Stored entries
------

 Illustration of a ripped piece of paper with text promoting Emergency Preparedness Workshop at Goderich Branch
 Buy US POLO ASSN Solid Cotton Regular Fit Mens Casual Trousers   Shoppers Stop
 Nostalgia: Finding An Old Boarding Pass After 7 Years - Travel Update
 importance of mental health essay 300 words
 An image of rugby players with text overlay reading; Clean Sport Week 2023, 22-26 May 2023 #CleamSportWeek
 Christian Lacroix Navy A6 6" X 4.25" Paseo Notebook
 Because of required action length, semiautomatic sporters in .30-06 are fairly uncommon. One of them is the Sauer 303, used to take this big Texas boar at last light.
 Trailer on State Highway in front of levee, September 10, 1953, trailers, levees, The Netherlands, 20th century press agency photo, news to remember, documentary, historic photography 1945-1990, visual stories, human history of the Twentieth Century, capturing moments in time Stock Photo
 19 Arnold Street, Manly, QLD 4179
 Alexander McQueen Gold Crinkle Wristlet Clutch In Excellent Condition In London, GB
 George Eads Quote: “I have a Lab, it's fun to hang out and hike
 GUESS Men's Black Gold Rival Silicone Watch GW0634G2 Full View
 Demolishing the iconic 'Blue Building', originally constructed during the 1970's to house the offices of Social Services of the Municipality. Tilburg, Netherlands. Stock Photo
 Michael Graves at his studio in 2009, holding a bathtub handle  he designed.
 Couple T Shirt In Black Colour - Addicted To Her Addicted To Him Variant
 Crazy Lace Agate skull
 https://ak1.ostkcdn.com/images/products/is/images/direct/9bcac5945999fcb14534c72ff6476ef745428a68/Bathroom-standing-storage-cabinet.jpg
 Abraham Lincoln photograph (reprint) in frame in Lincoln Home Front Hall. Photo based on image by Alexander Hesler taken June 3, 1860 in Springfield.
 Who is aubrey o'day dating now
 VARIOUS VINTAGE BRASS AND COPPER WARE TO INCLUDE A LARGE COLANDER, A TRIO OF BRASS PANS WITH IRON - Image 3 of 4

------

Exactly as they appear, write out the lines from the one containing "out and hike" through the final line of the entries above, both included.

 George Eads Quote: “I have a Lab, it's fun to hang out and hike
 GUESS Men's Black Gold Rival Silicone Watch GW0634G2 Full View
 Demolishing the iconic 'Blue Building', originally constructed during the 1970's to house the offices of Social Services of the Municipality. Tilburg, Netherlands. Stock Photo
 Michael Graves at his studio in 2009, holding a bathtub handle  he designed.
 Couple T Shirt In Black Colour - Addicted To Her Addicted To Him Variant
 Crazy Lace Agate skull
 https://ak1.ostkcdn.com/images/products/is/images/direct/9bcac5945999fcb14534c72ff6476ef745428a68/Bathroom-standing-storage-cabinet.jpg
 Abraham Lincoln photograph (reprint) in frame in Lincoln Home Front Hall. Photo based on image by Alexander Hesler taken June 3, 1860 in Springfield.
 Who is aubrey o'day dating now
 VARIOUS VINTAGE BRASS AND COPPER WARE TO INCLUDE A LARGE COLANDER, A TRIO OF BRASS PANS WITH IRON - Image 3 of 4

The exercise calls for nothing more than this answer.